The Seeker | Page 2

Harry Leon Wilson
a last muffled caution from the larger
boy on the cot.
"Now, remember! There ain't any, but don't you let on there ain't--else
he won't bring you a single thing!"
Before the despairing soul on the trundle-bed could pierce the
vulnerable heel of this, the door opened slowly to the broad shape of
Clytemnestra. One hand shaded her eyes from the candle she carried,
and she peered into the corner where the two beds were, a flurry of
eagerness in her face, checked by stoic self-mastery.
At once from the older boy came the sounds of one who breathes

labouredly in deep sleep after a hard day. But the littler boy sat
rebelliously up, digging combative fists into eyes that the light tickled.
Clytemnestra warmly rebuked him, first simulating the frown of the
irritated.
"Now, Bernal! Wide awake! My days alive! You act like a wild
Indian's little boy. This'll never do. Now you go right to sleep this
minute, while I watch you. Look how fine and good Allan is." She
spoke low, not to awaken the one virtuous sleeper, who seemed
thereupon to breathe with a more swelling and obtrusive rectitude.
"Clytie--now--_ain't_ there any Santa Claus?"
"Now what a sinful question that is!"
"But is there?"
"Don't he bring you things?"
"Oh, there _ain't_ any!" There was a sullen desperation in this, as of
one done with quibbles. But the woman still paltered wretchedly.
"Well, if you don't lie down and go to sleep quicker'n a wink I bet you
anything he won't bring you a single play-pretty."
There came an unmistakable blare of triumph into the busy snore on the
cot.
But the heart of the skeptic was sunk. This evasion was more
disillusioning than downright confession. A moment the little boy
regarded her, wholly in sorrow, with big eyes that blinked alarmingly.
Then came his last shot; the final bullet which the besieged warrior will
sometimes reserve for his own destruction. There could no longer be
any pretense between them. Bravely he faced her.
"Now--you just needn't try to keep it from me any longer! I know there
ain't any--" One tensely tragic second he paused to gather
himself--"_It's all over town!_" There being nothing further to live for,

he delivered himself to grief--to be tortured and destroyed.
Clytie set the candle on the bureau and came to hover him. Within the
pressing arms and upon the proffered bosom he wept out one of those
griefs that may not be told--that only the heart can understand. Yet,
when the first passion of it was spent she began to reassure him,
begging him not to be misled by idle gossip; to take not even her own
testimony, but to wait and see what he would see.
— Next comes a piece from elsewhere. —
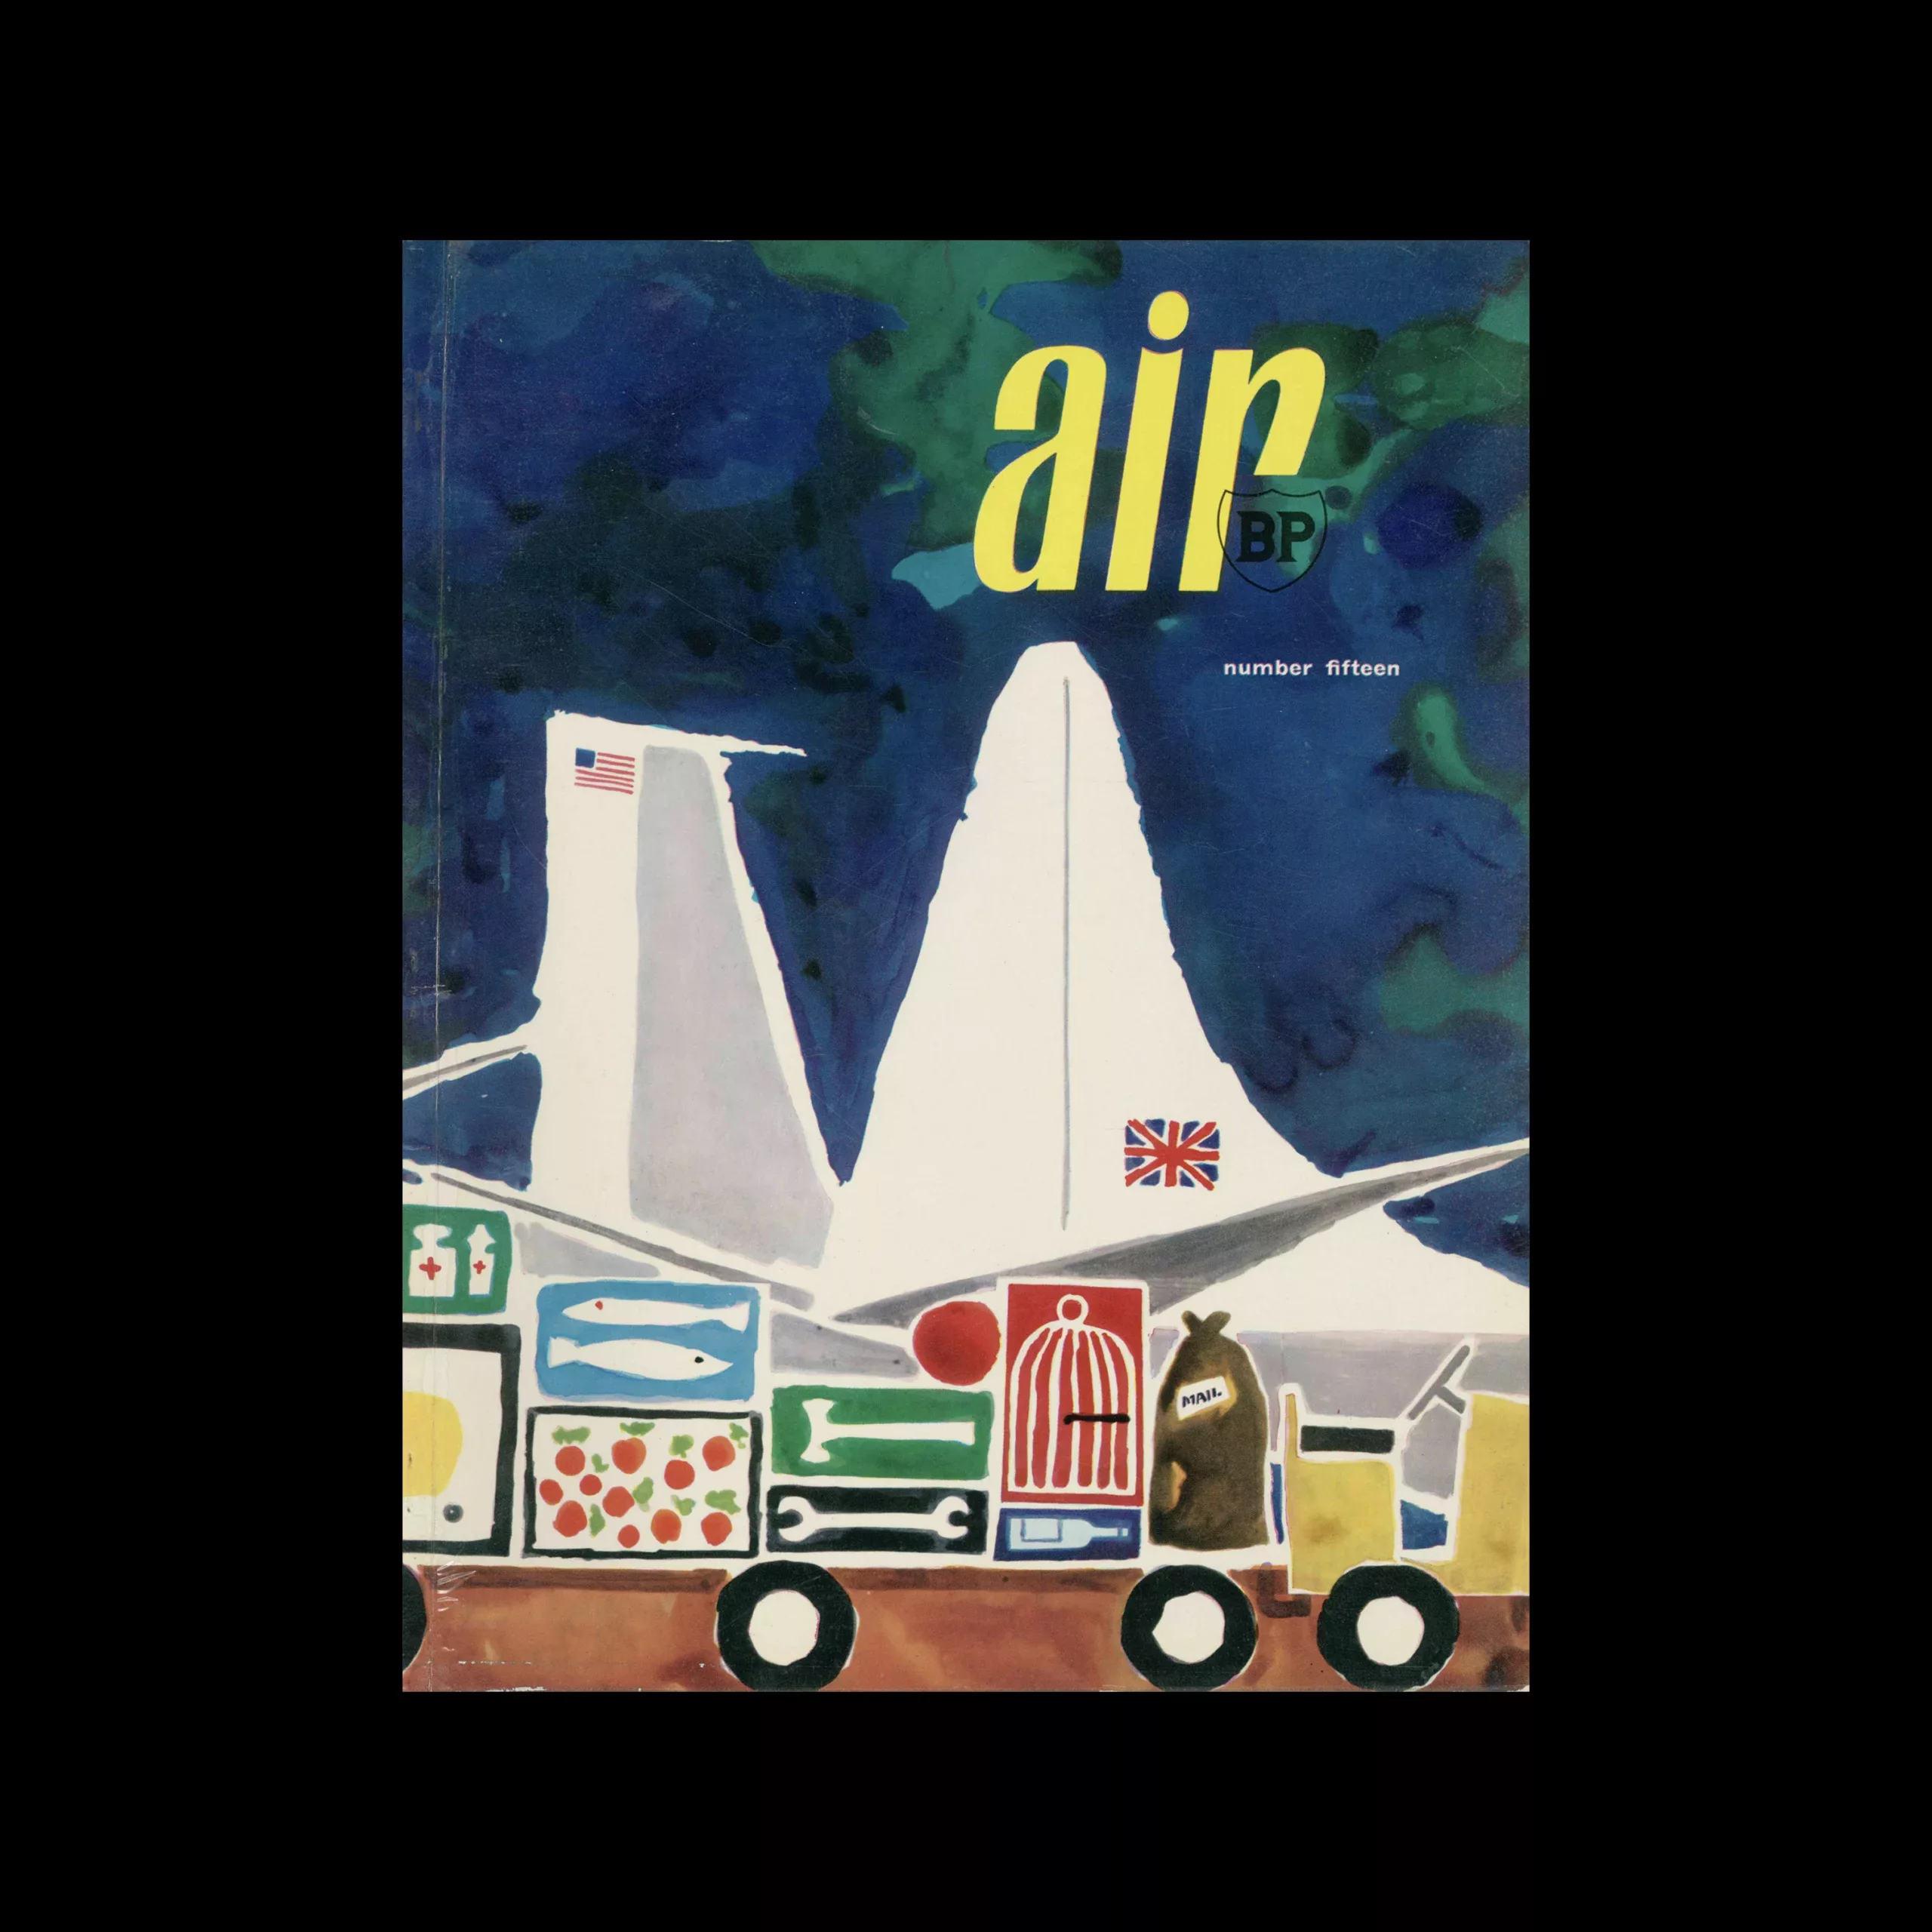 Air BP, 15, 1960s. Designed by Design Partnership Ltd

At last he listened
and was a little soothed. It appeared that Santa Claus was one you
might believe in or might not. Even Clytie seemed to be puzzled about
him. He could see that she overflowed with belief in him, yet he could
not make her confess it in plain straight words. The meat of it was that
good children found things on Christmas morning which must have
been left by some one--if not by Santa Claus, then by whom? Did the
little boy believe, for example, that Milo Barrus did it? He was the
village atheist, and so bad a man that he loved to spell God with a little
g.
He mused upon this while his tears dried, finding it plausible. Of course
it couldn't be Milo Barrus, so it must be Santa Claus. Was Clytie certain
some presents would be there in the morning? If he went directly to
sleep, she was.
Hereupon the larger boy on the cot, who had for some moments
listened in forgetful silence, became again virtuously asleep in a public
manner.
But the littler boy must yet have talk. Could the bells of Santa Claus be
heard when he came?
Clytie had known some children, of exceptional merit, it was true, who
claimed to have heard his bells on certain nights when they had gone
early to sleep.
Why would he never leave anything for a child that got up out of bed
and caught him at it? Suppose one had to get up for a drink.
Because it broke the charm.

But if a very, very good child just happened to wake up while he was in
the room, and didn't pay the least attention to him, or even look
sidewise or anything--
Even this were hazardous, it seemed; though if the child were indeed
very good all might not yet be lost.
"Well, won't you leave the light for me? The dark gets in my eyes."
But this was another adverse condition, making everything impossible.